◆ TRY IT: Exactly as written, print the lines from the top of the listing through the line containing "Ваза Garda Decor"; include no pictures.

── INFORMATION SHOWN

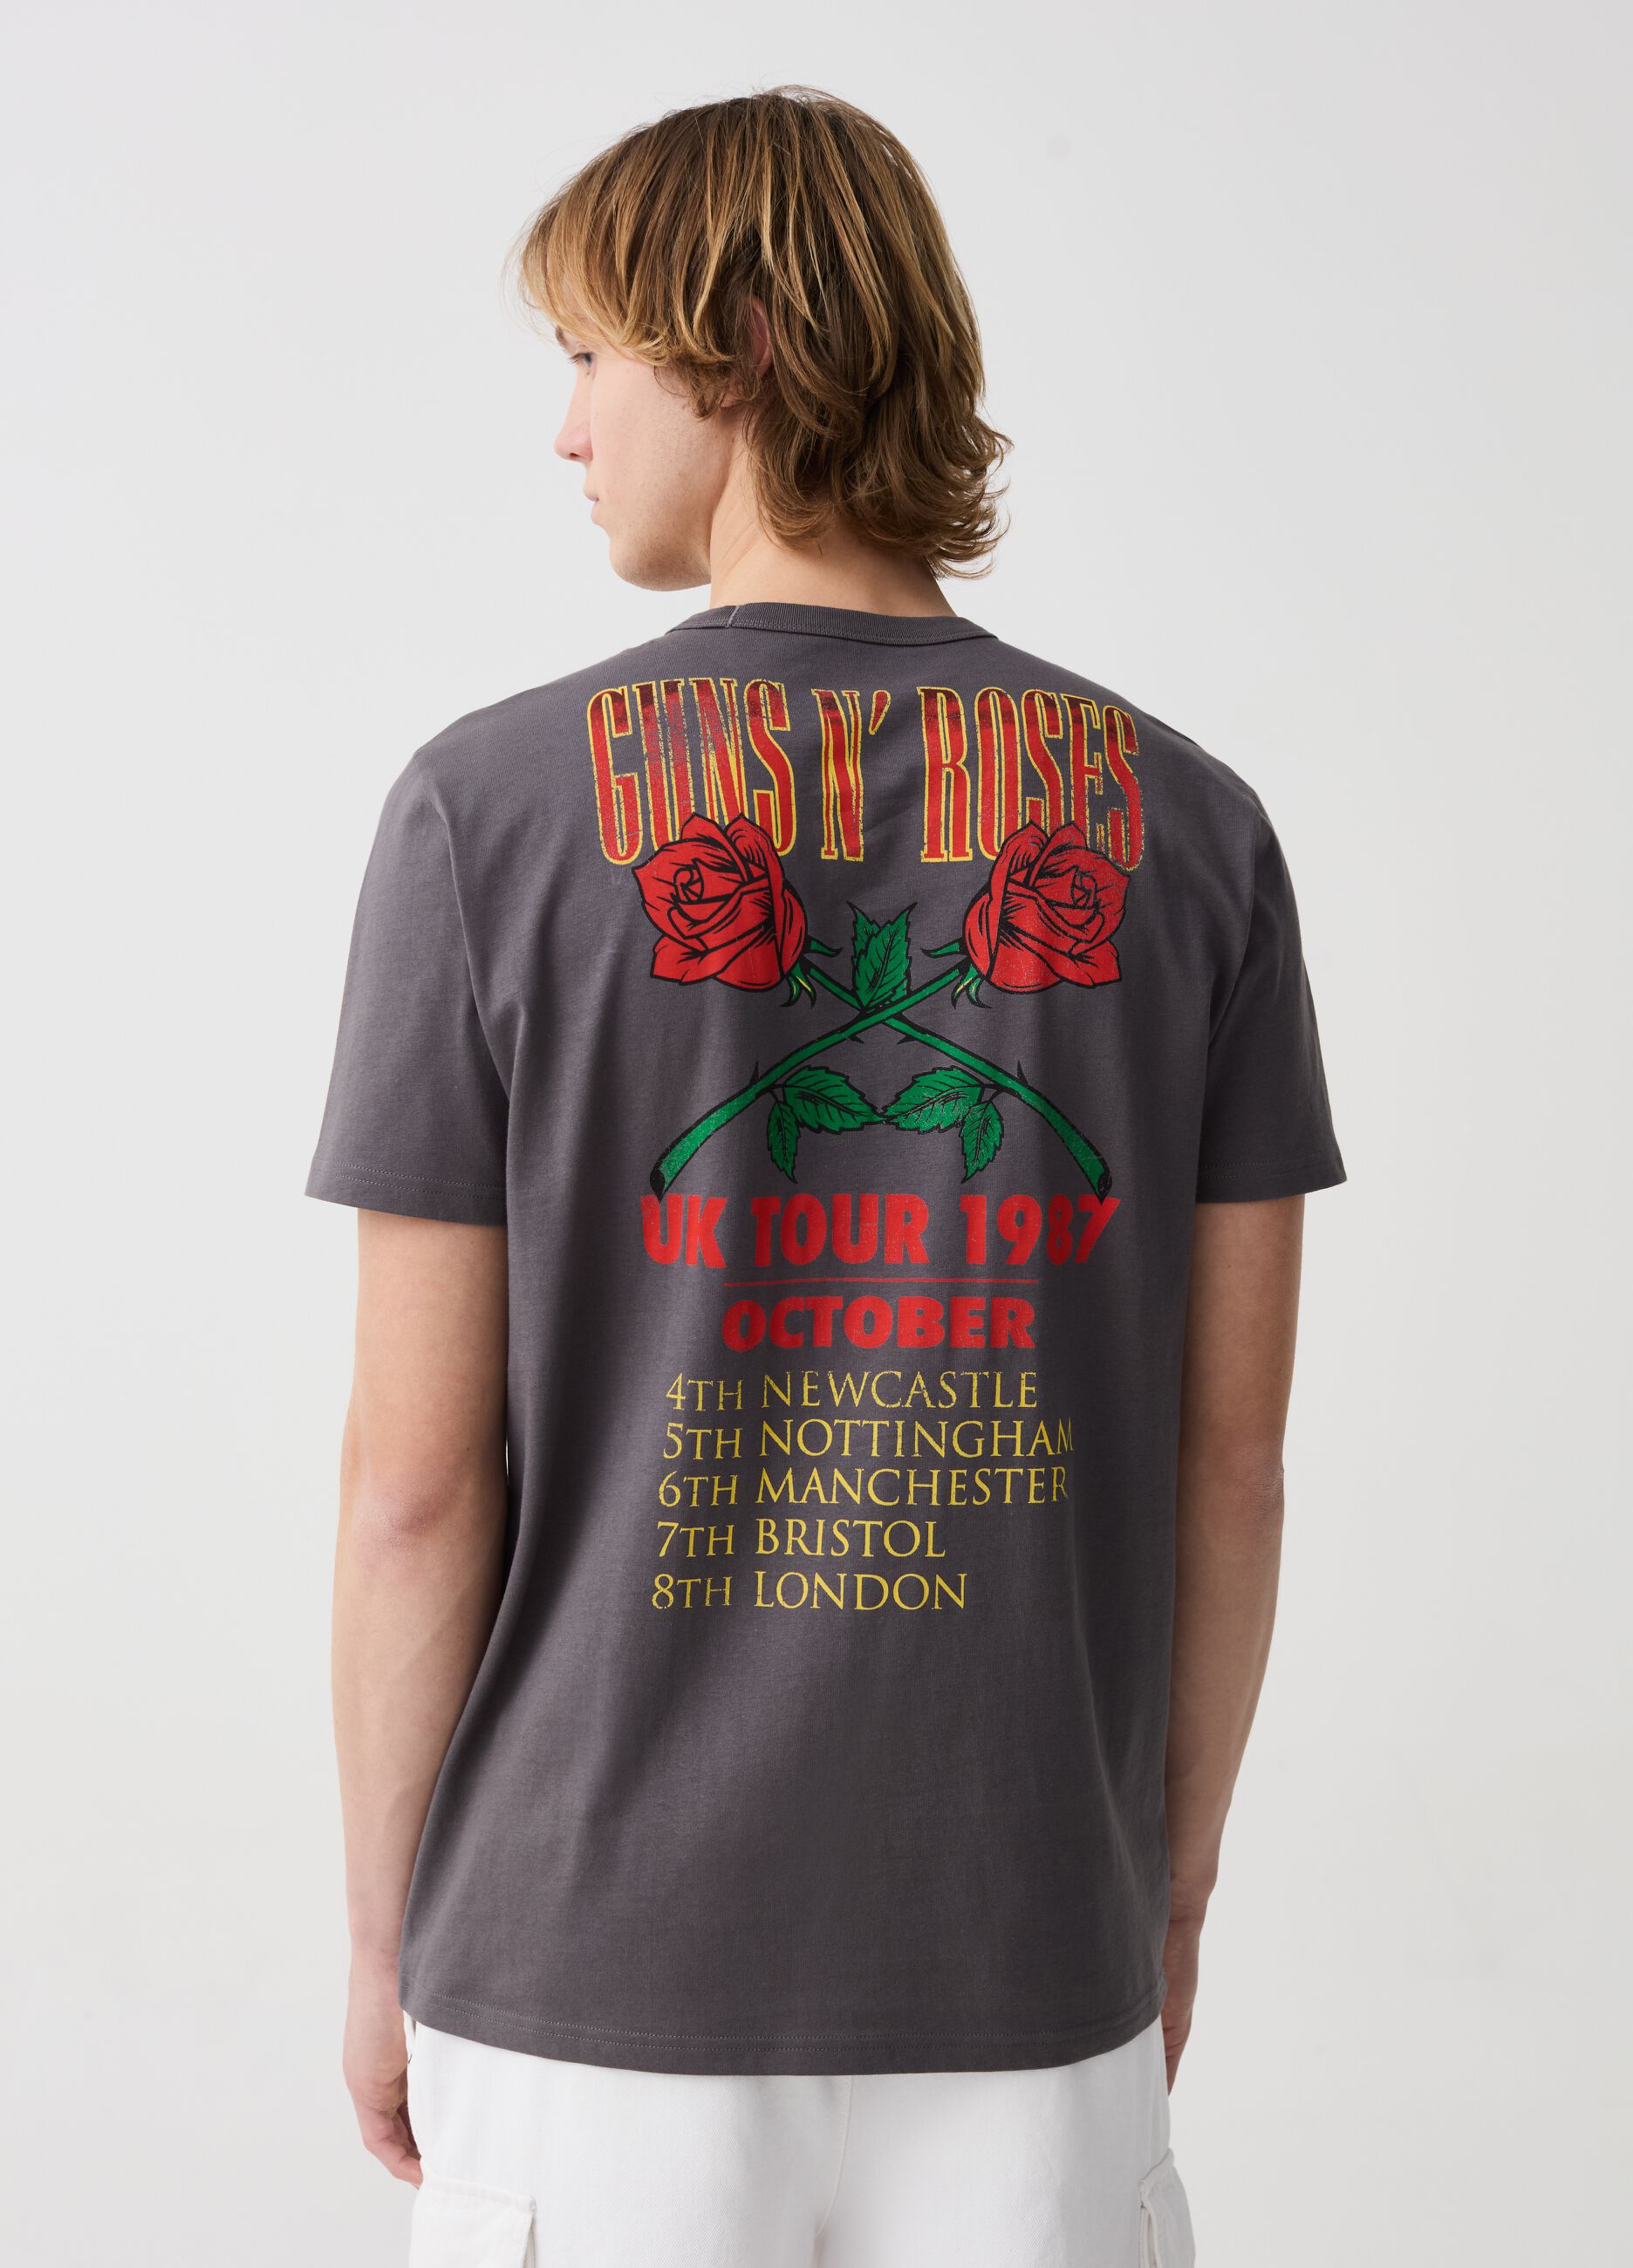 T-shirt with Guns N' Roses print
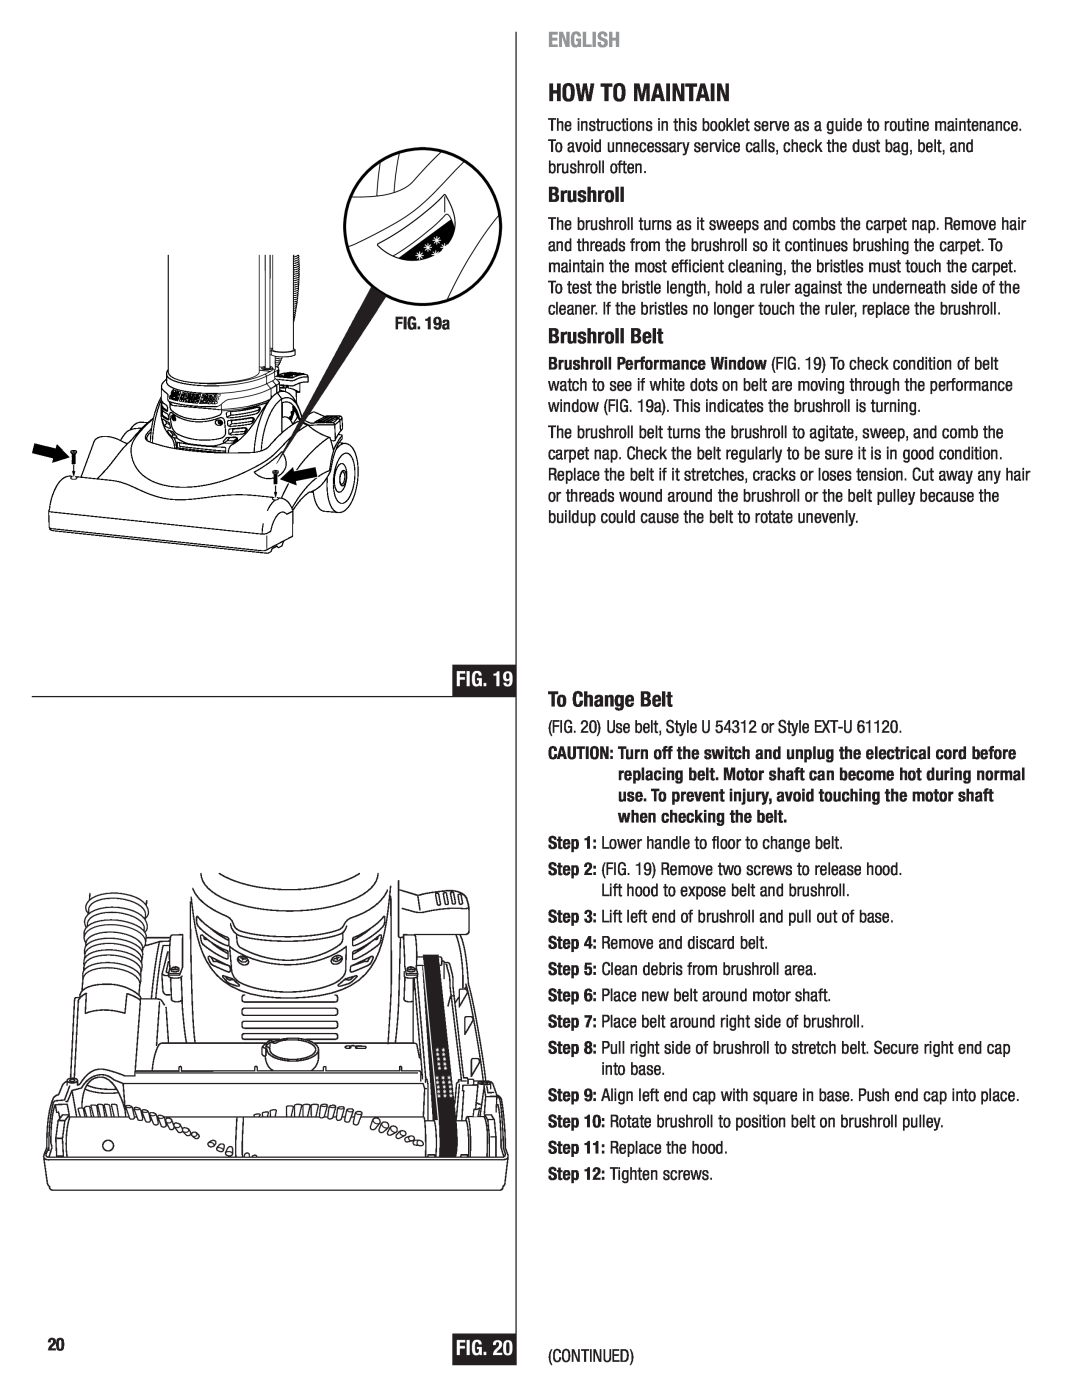 Eureka 4750 manual How To Maintain, Brushroll Belt, To Change Belt, English 
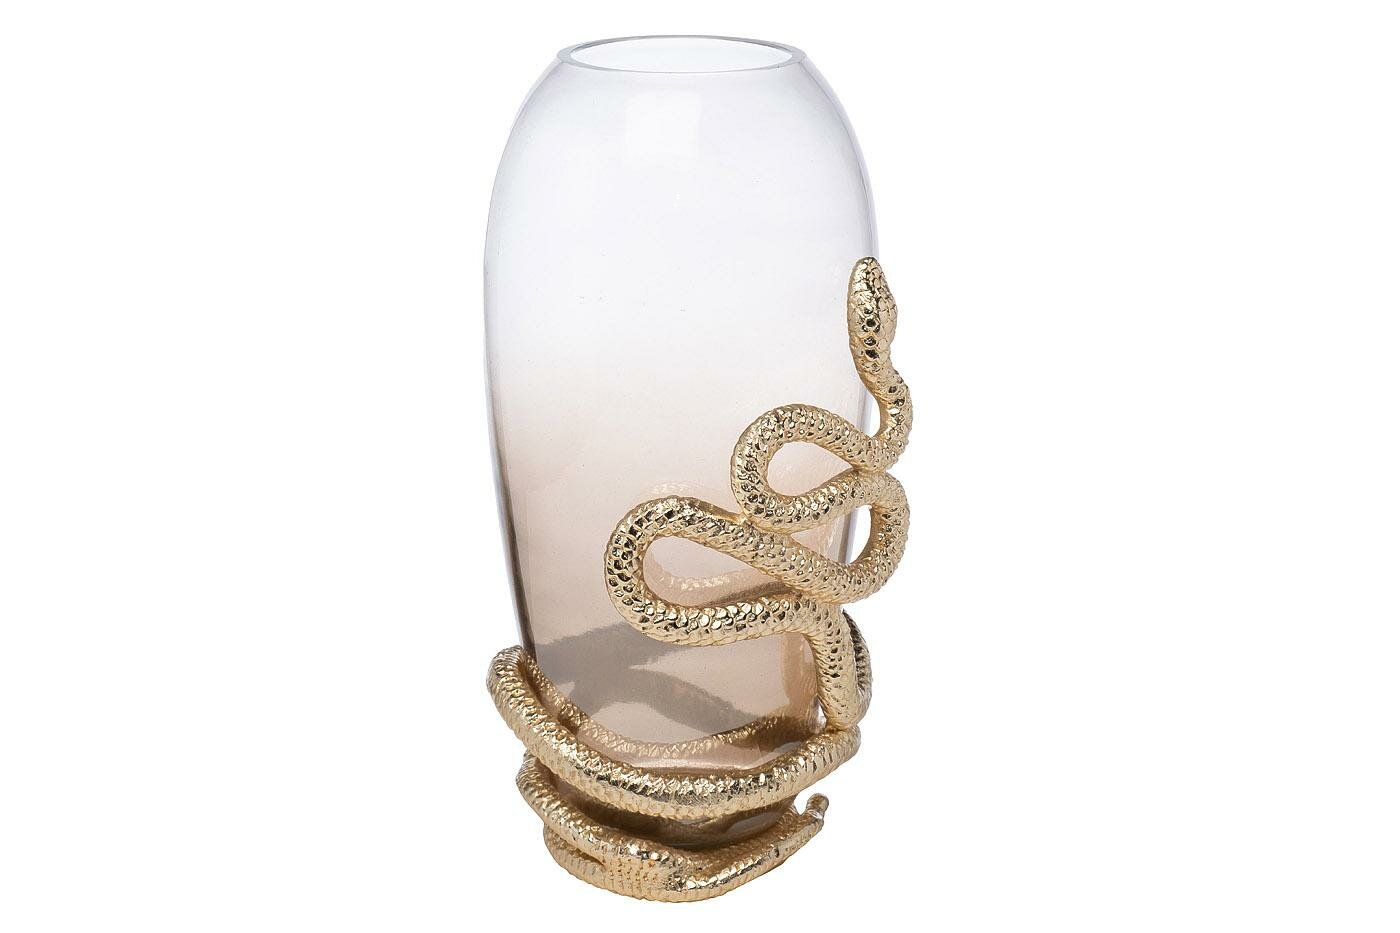 Ваза Garda Decor 69-321001 Ваза декорат. "Serpente" стекл. дымчато-молочного цвета 18*16*32,5 см арт. 69-321001
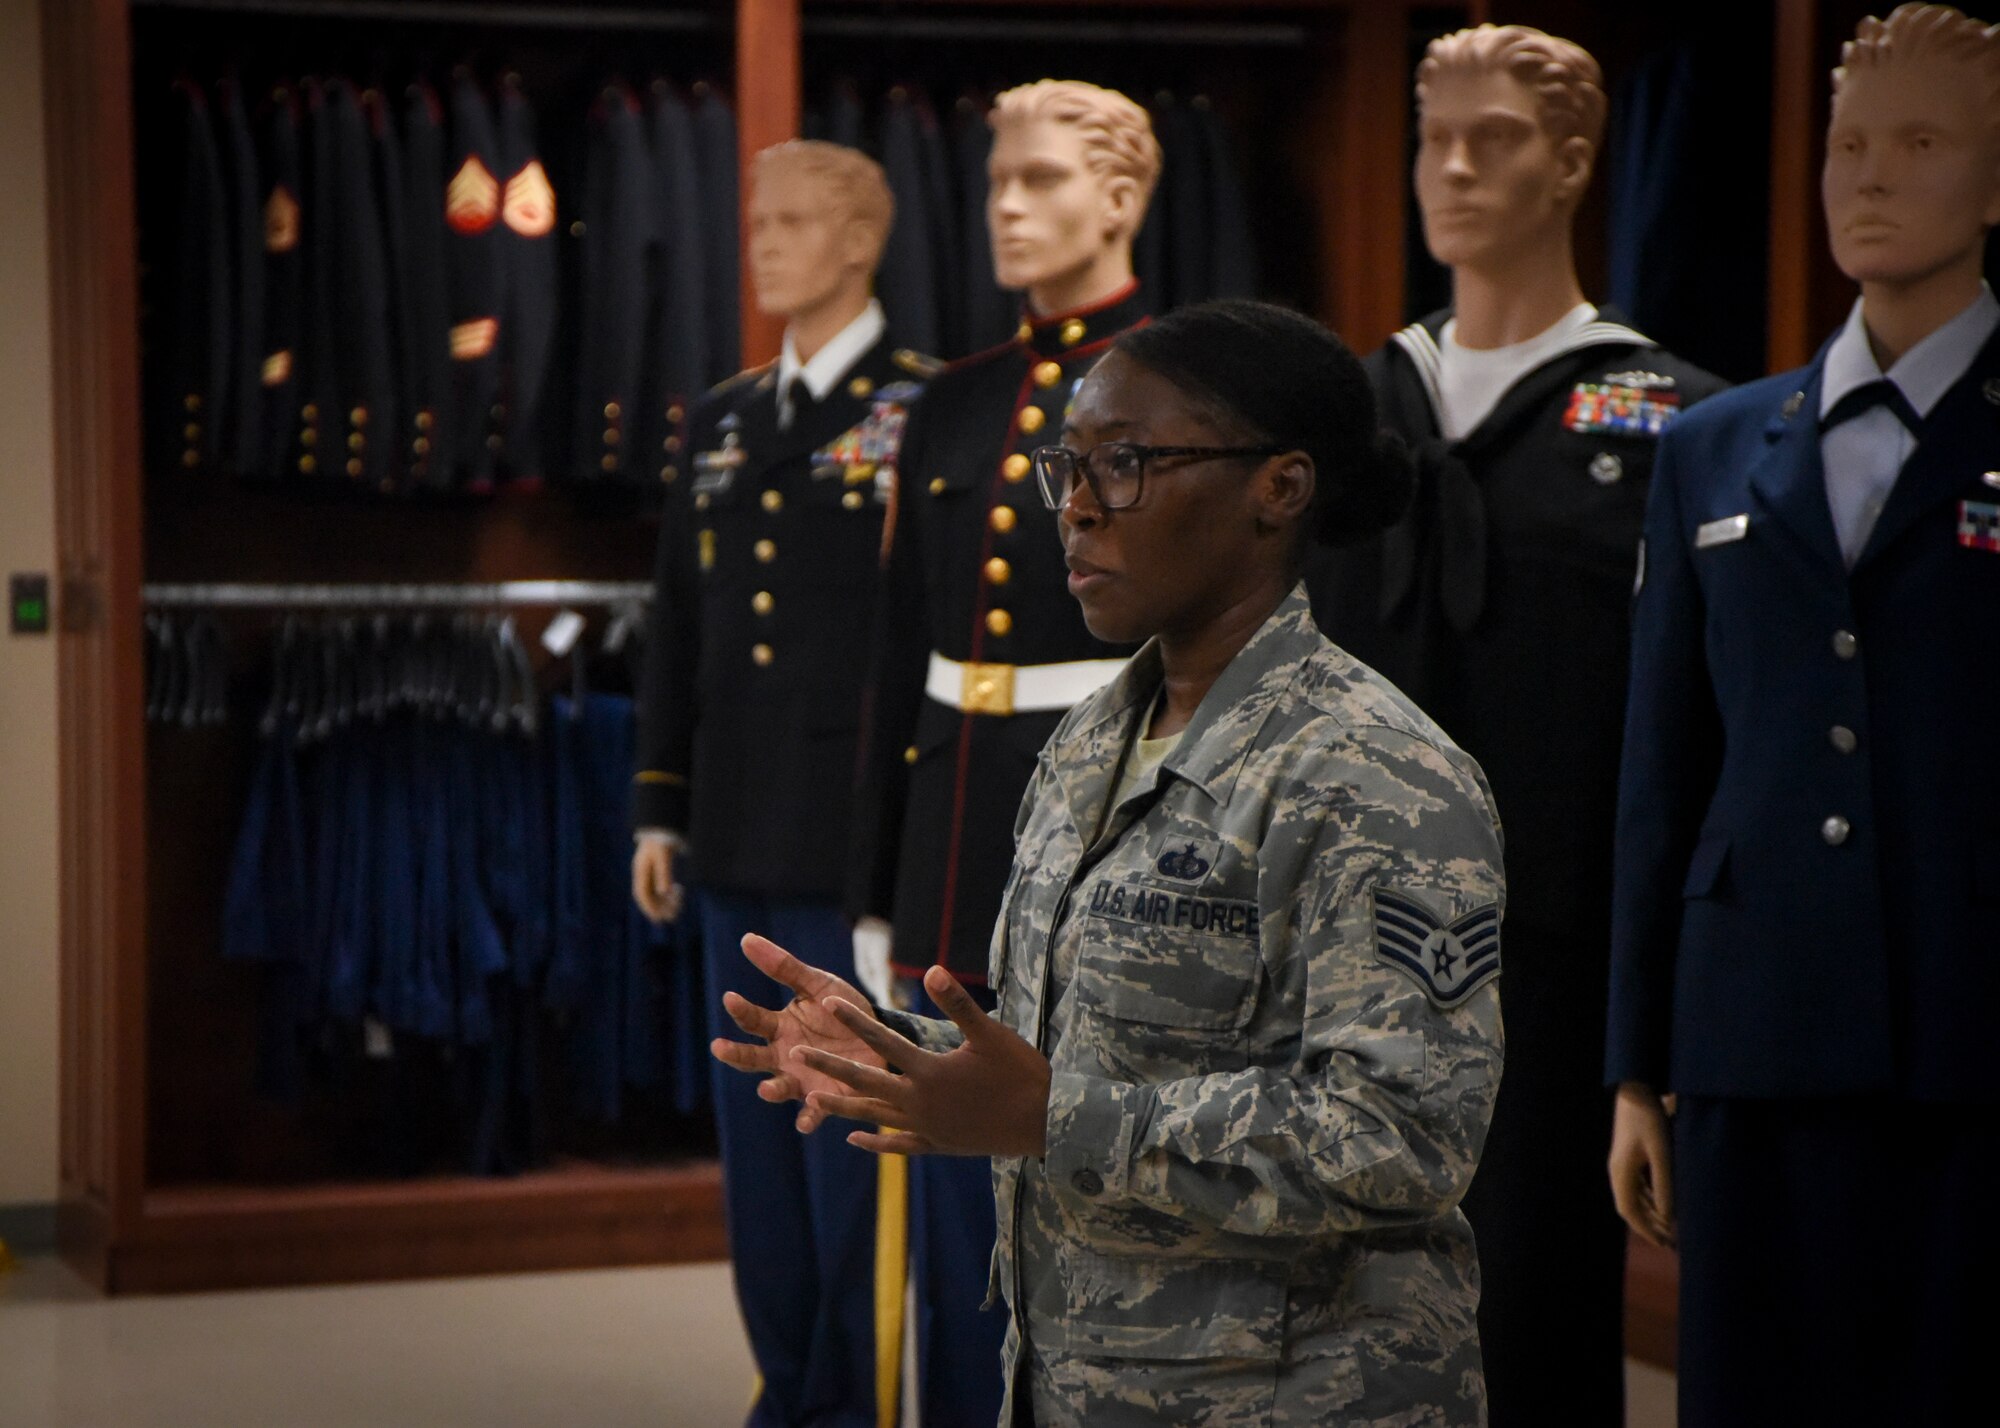 Staff Sgt. Michelle Johnson briefs guests during an orientation.

────

◆ ANSWER SPACE:
 T-shirt with Guns N' Roses print
 Eureka 4750 manual How To Maintain, Brushroll Belt, To Change Belt, English 
 Ваза Garda Decor 69-321001 Ваза декорат. "Serpente" стекл. дымчато-молочного цвета 18*16*32,5 см арт. 69-321001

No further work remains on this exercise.